__Work request__: Copy nothing but the lines below running from the line containing "Warning This Mug is ONLY for Honey Mug" through the line containing "four apple pencils on a purple background", both end lines included.

__Exercise materials__:
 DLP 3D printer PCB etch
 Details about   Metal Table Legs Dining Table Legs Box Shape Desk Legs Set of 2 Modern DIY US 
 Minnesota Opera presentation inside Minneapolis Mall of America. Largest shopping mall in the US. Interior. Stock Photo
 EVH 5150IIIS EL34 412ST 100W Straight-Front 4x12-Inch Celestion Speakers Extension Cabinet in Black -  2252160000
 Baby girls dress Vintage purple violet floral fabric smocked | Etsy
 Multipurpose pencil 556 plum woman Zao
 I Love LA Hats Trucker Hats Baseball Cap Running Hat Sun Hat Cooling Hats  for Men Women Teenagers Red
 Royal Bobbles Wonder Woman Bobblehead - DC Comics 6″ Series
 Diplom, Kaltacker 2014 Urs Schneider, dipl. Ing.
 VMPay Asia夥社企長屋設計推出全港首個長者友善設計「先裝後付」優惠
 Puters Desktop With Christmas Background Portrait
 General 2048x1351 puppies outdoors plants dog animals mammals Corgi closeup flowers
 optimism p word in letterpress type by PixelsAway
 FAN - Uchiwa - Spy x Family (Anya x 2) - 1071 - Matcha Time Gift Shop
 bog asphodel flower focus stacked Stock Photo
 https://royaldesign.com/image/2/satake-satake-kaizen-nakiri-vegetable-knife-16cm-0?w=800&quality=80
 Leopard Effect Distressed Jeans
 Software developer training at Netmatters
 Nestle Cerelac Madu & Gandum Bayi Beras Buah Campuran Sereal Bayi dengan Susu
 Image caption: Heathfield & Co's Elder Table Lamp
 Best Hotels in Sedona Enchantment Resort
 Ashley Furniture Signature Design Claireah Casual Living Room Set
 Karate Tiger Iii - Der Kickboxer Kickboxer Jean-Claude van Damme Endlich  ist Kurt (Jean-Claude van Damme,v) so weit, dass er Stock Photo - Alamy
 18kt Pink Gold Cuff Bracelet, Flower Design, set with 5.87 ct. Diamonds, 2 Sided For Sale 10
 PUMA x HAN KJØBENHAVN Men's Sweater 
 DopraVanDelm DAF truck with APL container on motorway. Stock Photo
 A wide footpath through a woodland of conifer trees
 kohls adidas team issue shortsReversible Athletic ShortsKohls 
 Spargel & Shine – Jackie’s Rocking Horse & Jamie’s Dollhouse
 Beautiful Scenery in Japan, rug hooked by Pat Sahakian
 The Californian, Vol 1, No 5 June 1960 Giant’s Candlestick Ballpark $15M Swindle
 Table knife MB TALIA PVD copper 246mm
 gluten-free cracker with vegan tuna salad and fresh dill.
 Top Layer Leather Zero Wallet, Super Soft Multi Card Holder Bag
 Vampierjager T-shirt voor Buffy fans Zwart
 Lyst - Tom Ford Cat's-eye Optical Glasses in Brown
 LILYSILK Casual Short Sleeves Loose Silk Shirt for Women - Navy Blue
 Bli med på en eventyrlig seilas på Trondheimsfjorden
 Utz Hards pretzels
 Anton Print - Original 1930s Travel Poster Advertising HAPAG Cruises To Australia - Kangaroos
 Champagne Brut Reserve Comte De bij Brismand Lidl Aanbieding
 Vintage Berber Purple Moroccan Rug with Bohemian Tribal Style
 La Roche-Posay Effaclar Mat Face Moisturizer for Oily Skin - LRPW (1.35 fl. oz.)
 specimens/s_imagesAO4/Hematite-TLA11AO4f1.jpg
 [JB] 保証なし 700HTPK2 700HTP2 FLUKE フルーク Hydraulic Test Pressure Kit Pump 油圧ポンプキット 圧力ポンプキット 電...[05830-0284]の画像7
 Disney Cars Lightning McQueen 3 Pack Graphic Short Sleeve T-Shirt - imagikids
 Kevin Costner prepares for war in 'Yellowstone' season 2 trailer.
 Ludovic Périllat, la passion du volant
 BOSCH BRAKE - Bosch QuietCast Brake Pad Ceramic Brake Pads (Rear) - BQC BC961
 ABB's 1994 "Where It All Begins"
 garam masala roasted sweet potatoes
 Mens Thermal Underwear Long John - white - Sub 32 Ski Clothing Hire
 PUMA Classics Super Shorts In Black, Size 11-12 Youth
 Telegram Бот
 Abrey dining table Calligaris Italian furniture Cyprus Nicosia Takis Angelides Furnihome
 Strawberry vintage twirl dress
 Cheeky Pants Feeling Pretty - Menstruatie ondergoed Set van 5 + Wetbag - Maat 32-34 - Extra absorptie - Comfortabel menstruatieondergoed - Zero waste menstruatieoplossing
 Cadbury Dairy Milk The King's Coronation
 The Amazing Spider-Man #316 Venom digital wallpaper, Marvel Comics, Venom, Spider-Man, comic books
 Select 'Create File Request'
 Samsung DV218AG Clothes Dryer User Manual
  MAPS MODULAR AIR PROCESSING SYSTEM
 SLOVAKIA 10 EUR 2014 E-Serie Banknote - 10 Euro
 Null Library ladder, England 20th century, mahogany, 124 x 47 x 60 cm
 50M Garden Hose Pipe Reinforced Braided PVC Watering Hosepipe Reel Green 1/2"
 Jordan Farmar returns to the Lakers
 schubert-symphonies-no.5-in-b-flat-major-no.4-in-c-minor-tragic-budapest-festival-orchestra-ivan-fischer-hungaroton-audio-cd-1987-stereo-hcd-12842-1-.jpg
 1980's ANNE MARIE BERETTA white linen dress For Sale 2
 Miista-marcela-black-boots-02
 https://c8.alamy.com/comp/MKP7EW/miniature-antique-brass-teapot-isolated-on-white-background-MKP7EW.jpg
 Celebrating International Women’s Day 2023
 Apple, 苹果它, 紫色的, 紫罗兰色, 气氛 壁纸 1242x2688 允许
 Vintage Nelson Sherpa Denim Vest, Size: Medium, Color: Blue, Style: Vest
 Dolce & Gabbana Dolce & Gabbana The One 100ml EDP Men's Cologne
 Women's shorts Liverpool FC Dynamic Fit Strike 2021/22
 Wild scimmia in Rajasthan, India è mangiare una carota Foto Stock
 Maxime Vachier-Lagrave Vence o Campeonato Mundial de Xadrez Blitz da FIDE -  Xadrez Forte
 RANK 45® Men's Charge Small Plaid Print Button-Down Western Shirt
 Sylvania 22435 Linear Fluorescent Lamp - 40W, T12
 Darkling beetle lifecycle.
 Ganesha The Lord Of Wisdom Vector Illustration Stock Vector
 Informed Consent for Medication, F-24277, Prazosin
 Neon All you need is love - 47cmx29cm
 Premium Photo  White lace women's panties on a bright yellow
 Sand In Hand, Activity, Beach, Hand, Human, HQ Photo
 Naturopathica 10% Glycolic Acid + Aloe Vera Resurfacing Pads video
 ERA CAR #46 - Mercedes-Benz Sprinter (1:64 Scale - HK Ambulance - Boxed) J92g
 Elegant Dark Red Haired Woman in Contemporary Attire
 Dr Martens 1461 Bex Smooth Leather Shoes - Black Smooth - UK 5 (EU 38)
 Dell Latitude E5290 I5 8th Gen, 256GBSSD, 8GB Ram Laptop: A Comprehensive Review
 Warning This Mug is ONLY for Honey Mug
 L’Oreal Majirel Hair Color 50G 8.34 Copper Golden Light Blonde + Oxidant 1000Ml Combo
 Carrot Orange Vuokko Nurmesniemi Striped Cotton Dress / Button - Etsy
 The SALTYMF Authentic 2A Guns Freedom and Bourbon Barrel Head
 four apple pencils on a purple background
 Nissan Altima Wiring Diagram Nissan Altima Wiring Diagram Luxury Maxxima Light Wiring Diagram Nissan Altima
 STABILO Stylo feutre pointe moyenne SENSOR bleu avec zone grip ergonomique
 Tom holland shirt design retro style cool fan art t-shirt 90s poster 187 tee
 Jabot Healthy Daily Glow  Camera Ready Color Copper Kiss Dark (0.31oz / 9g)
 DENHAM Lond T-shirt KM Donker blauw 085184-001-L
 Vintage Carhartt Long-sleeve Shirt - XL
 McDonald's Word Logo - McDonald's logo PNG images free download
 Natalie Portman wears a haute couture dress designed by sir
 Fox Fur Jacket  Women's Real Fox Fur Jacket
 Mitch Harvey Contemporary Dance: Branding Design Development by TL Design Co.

__Reply to the exercise__:
 Warning This Mug is ONLY for Honey Mug
 L’Oreal Majirel Hair Color 50G 8.34 Copper Golden Light Blonde + Oxidant 1000Ml Combo
 Carrot Orange Vuokko Nurmesniemi Striped Cotton Dress / Button - Etsy
 The SALTYMF Authentic 2A Guns Freedom and Bourbon Barrel Head
 four apple pencils on a purple background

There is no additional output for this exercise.